# Directions for this task
In the material below, find the line with "WiZ Rune LED ceiling light, black" and the line with "Ese federalismo de". Output exactly those two lines and all lines between them, leaving out pictures.

# Data provided
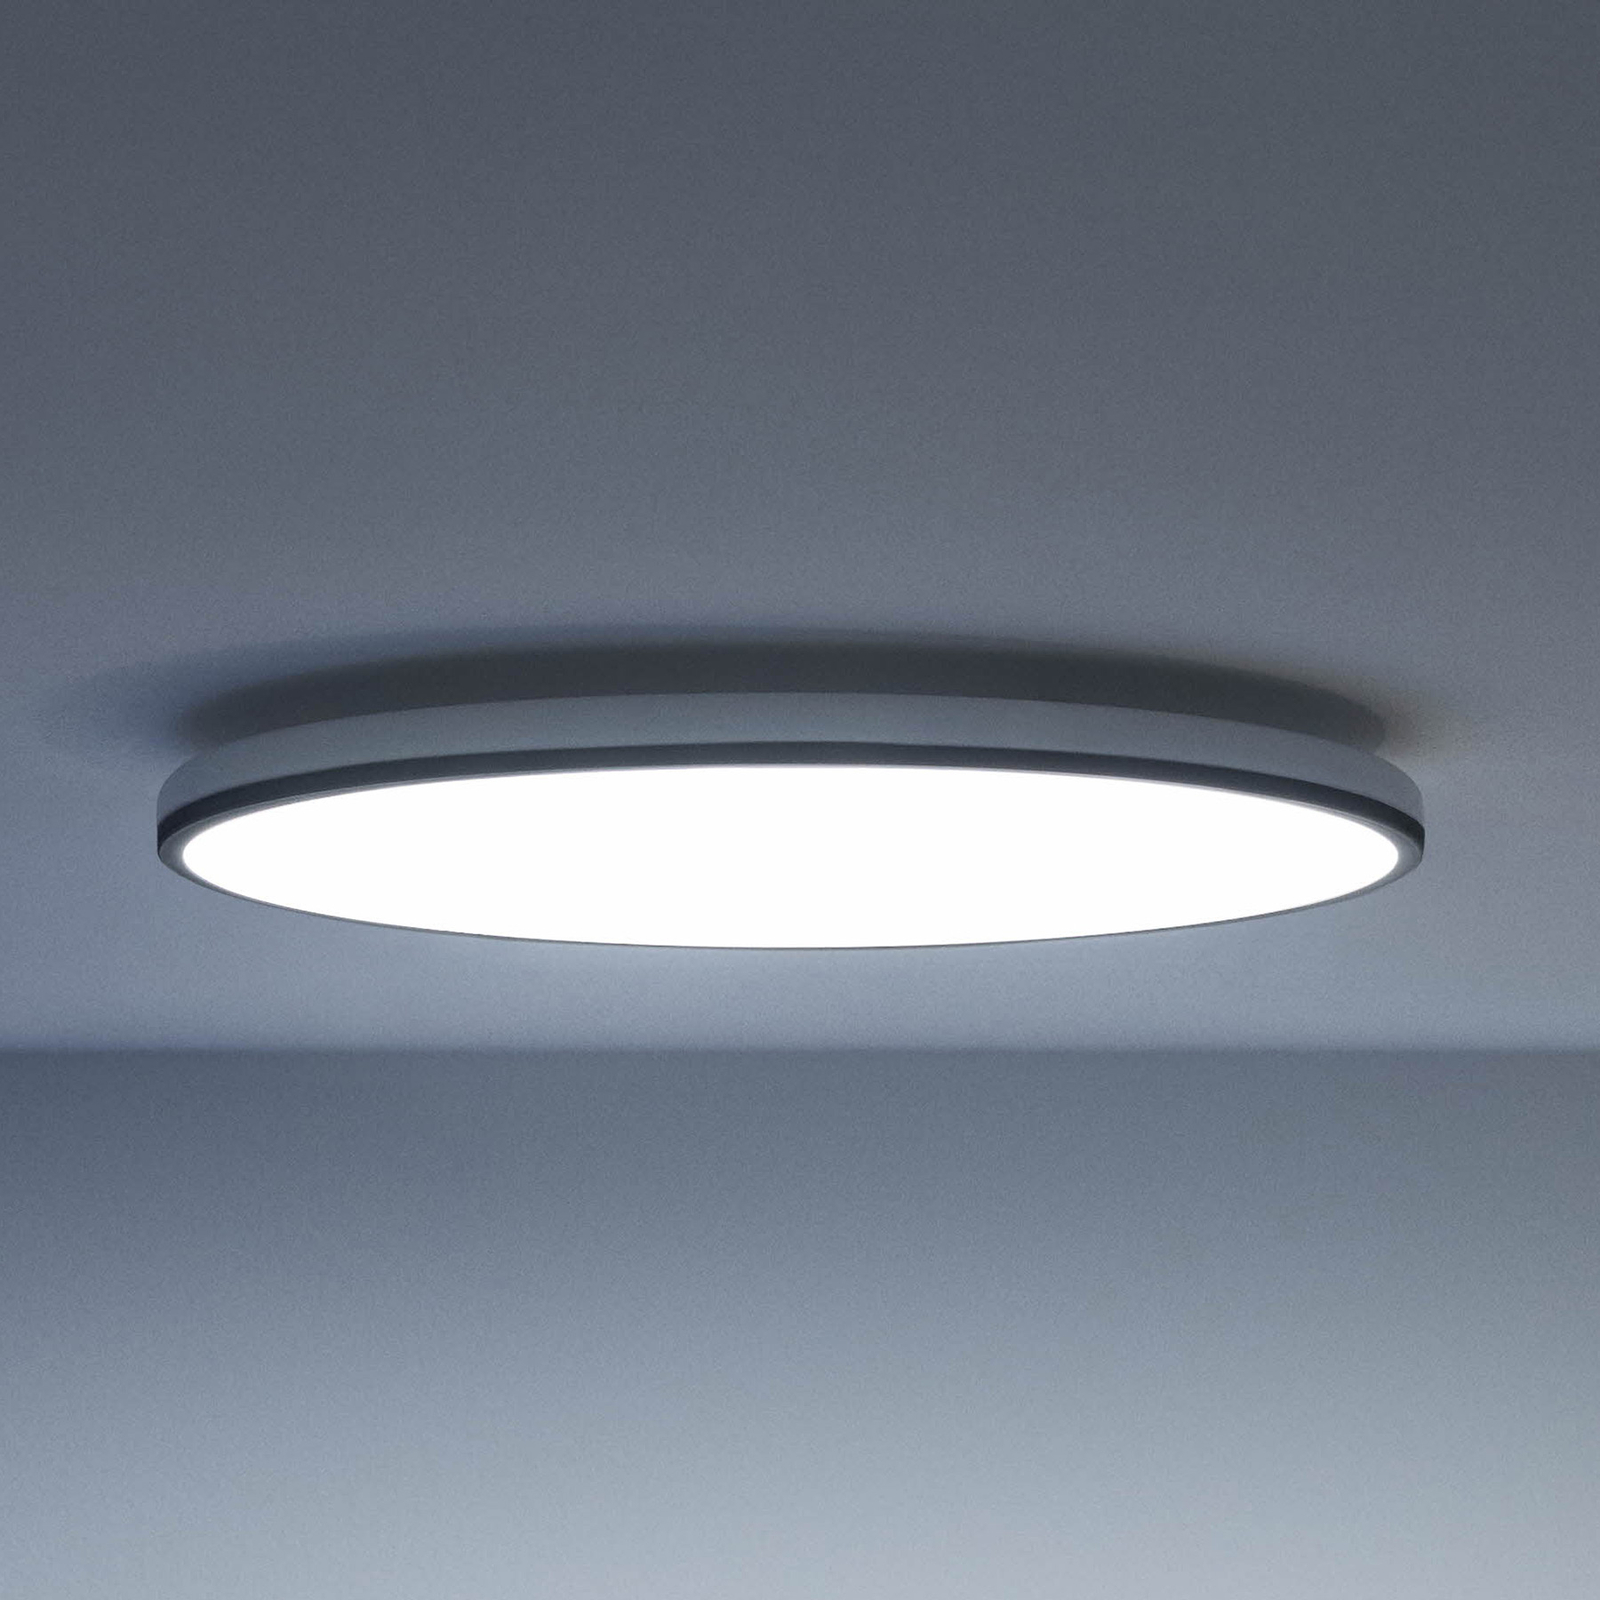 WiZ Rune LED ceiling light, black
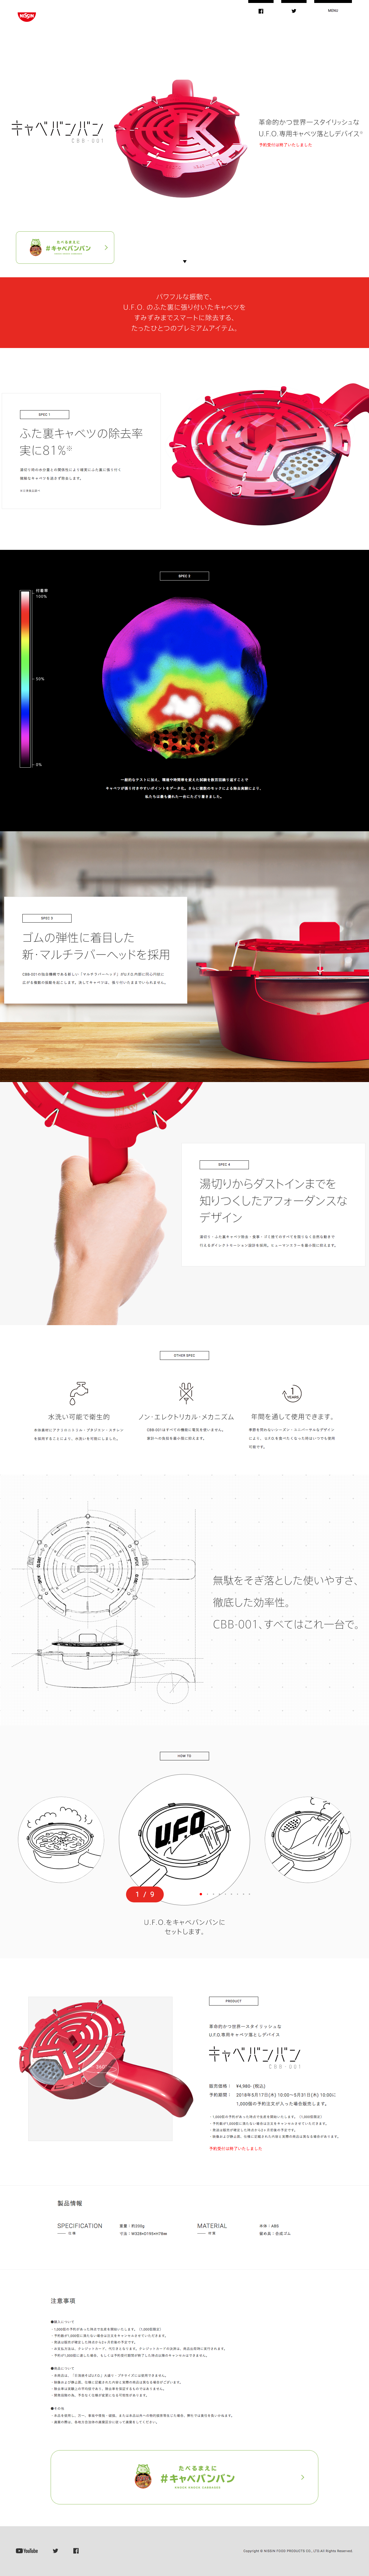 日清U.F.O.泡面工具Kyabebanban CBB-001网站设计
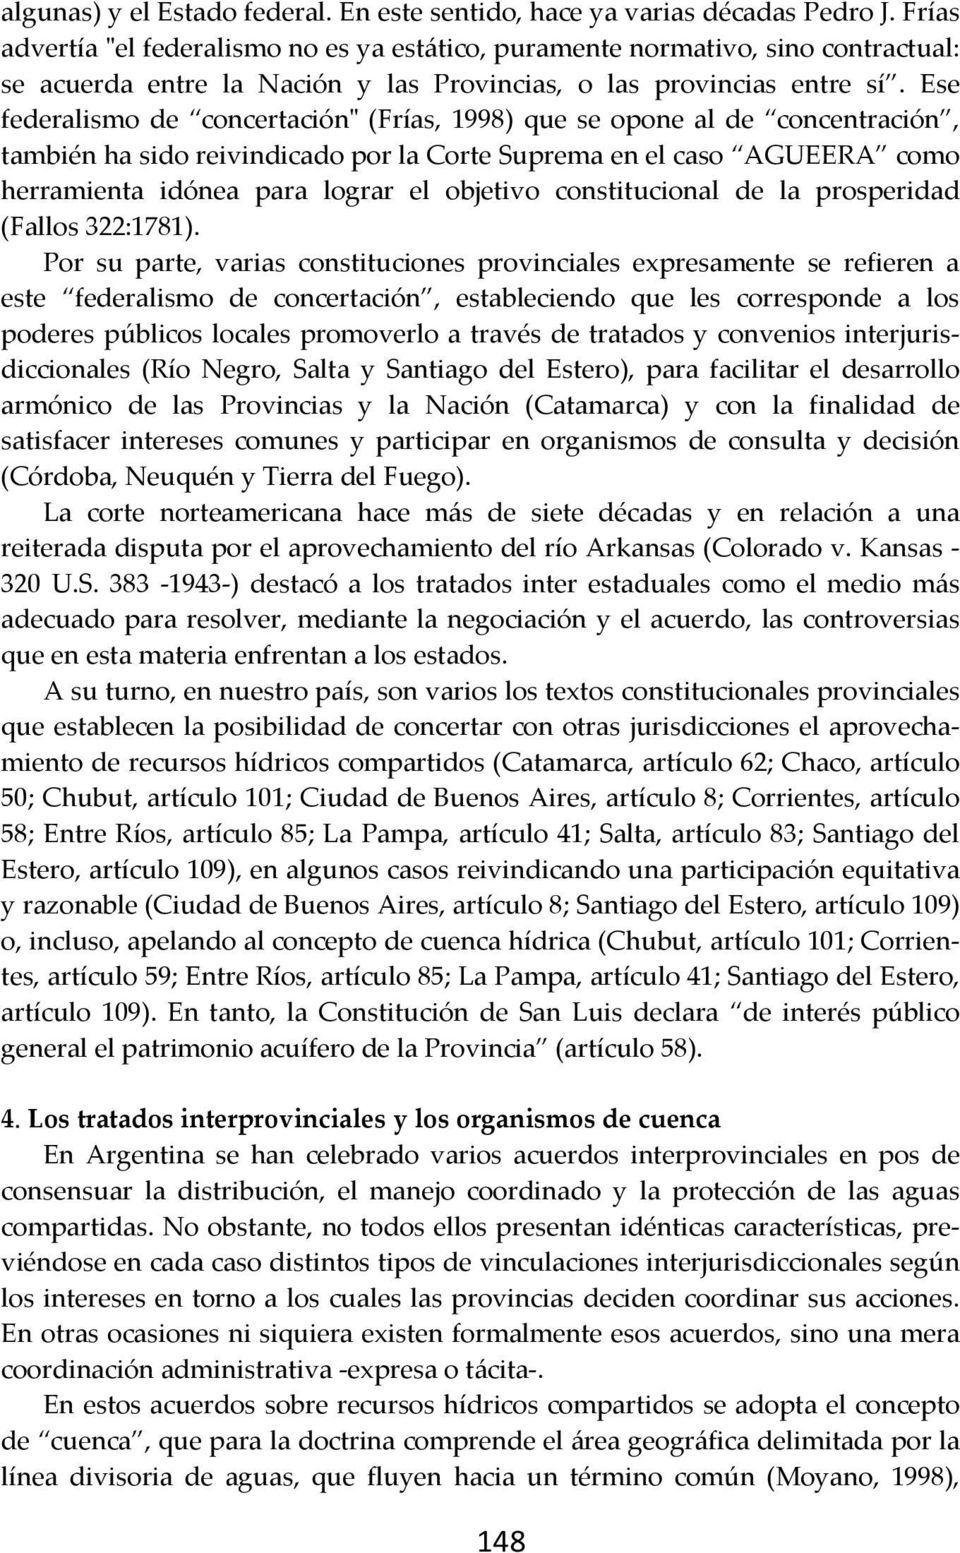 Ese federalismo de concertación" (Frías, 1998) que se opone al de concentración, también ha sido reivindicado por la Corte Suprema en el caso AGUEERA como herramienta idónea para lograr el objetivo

--

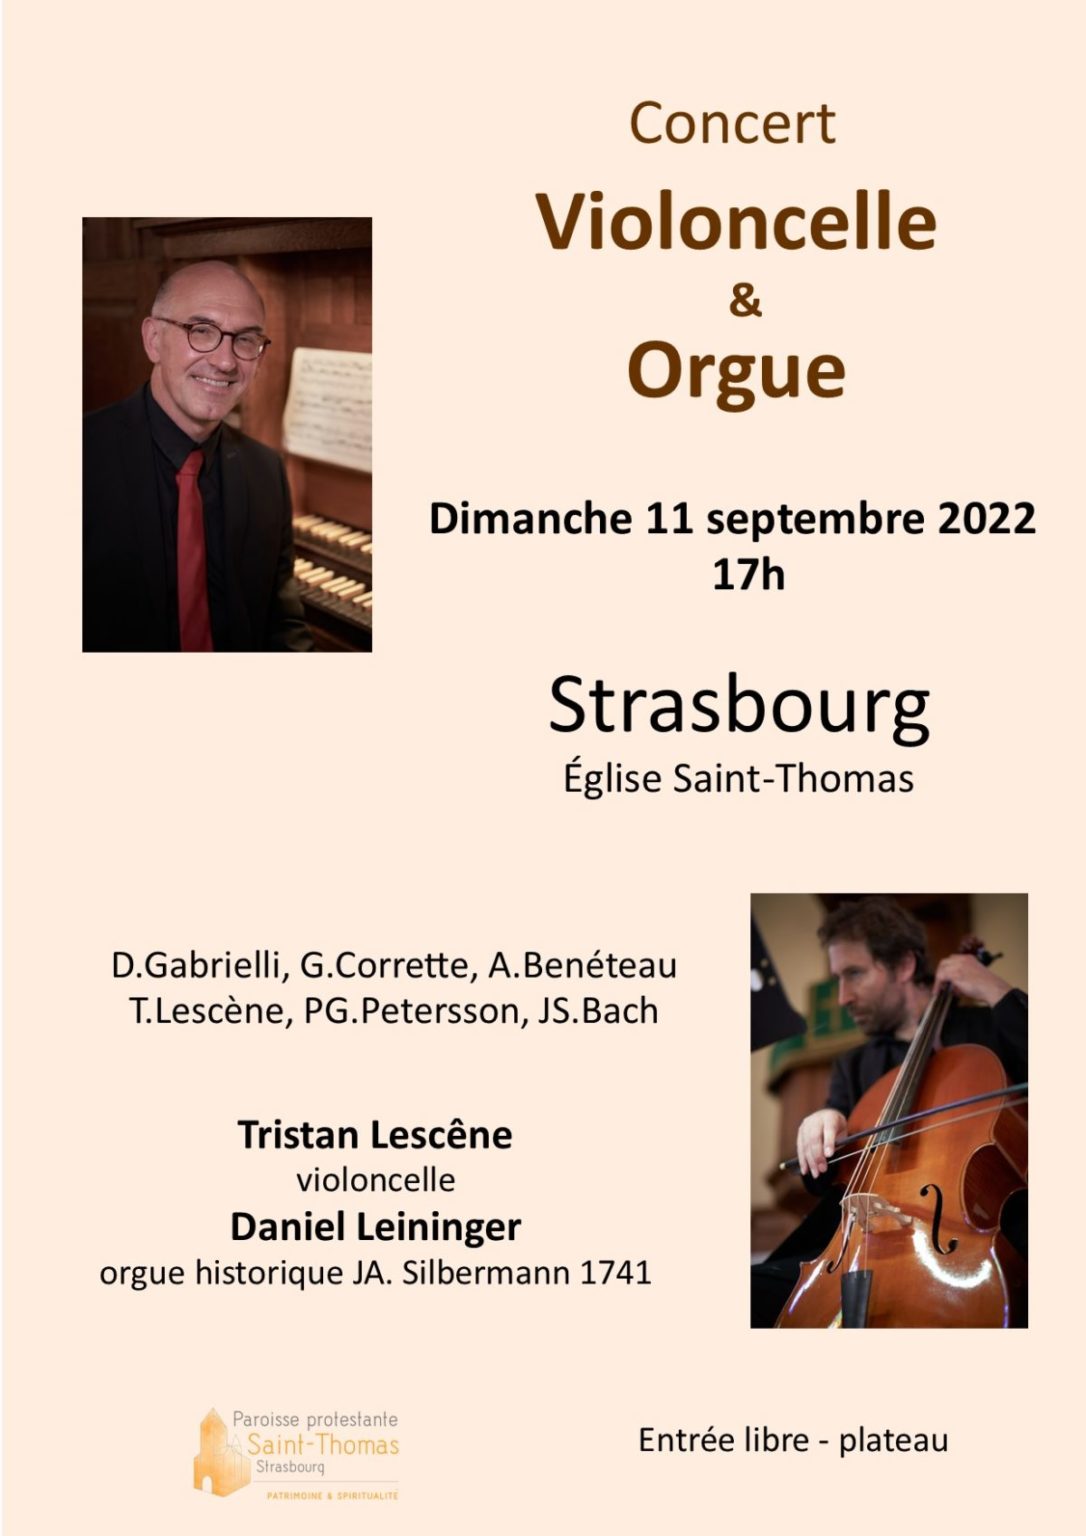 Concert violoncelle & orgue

...

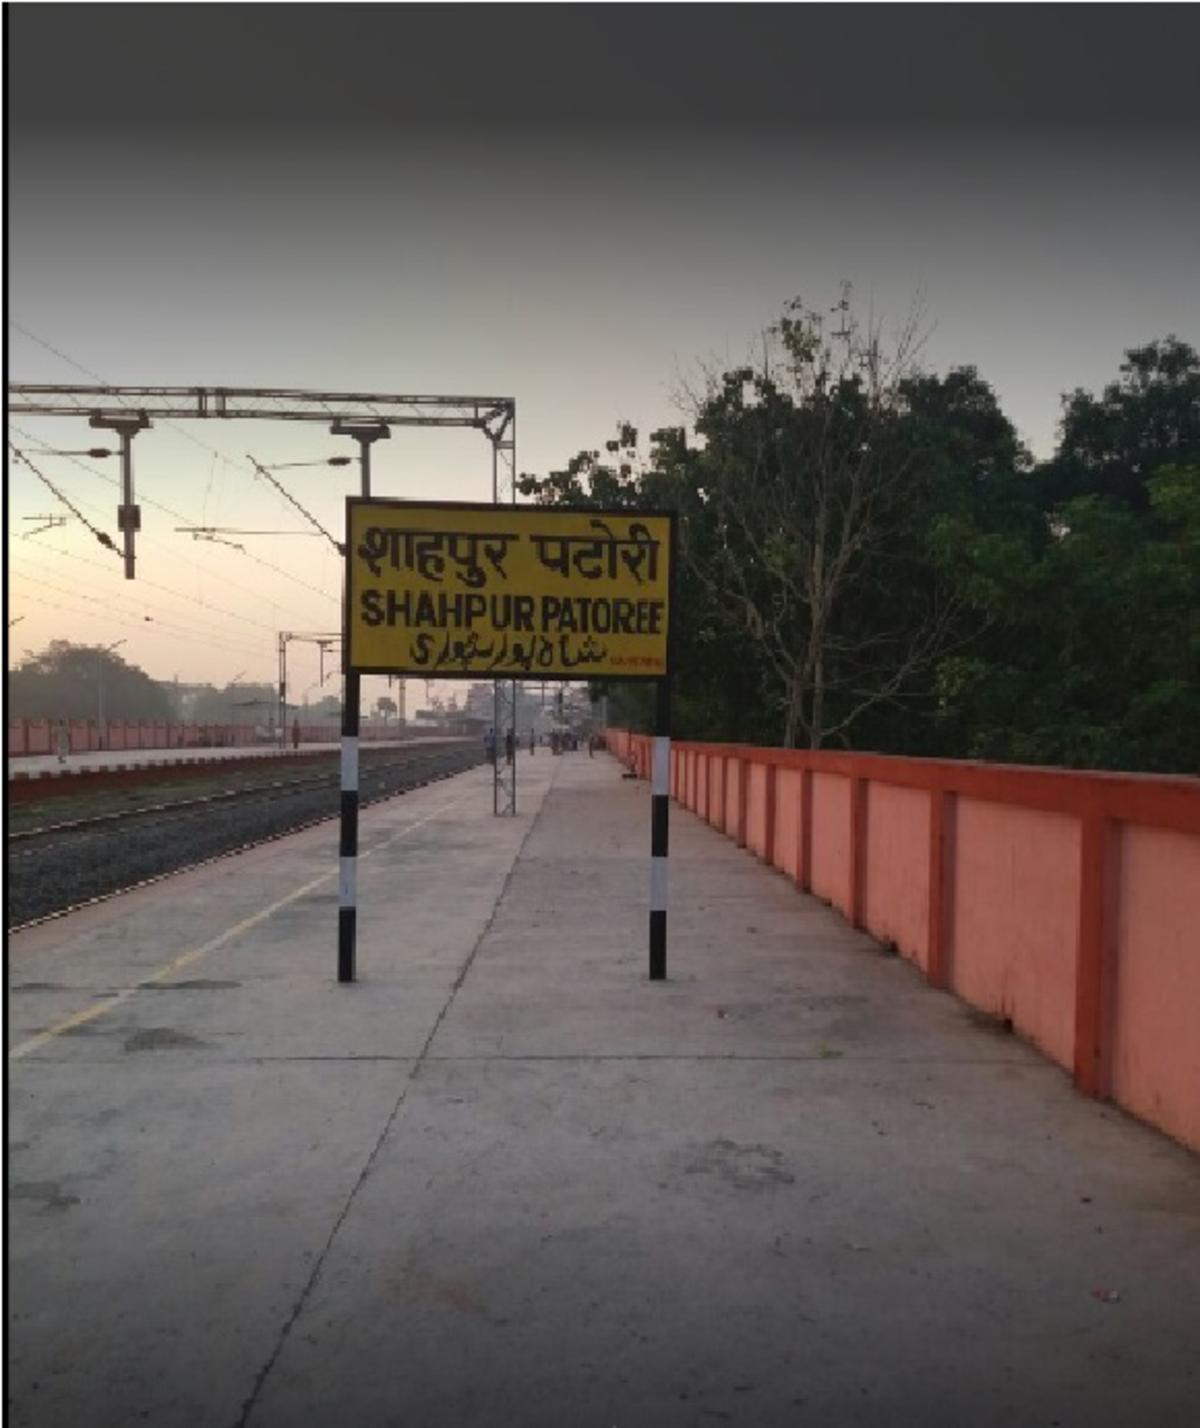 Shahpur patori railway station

# Task answer
 WiZ Rune LED ceiling light, black
 日清U.F.O.泡面工具Kyabebanban CBB-001网站设计
 Ese federalismo de concertación" (Frías, 1998) que se opone al de concentración, también ha sido reivindicado por la Corte Suprema en el caso AGUEERA como herramienta idónea para lograr el objetivo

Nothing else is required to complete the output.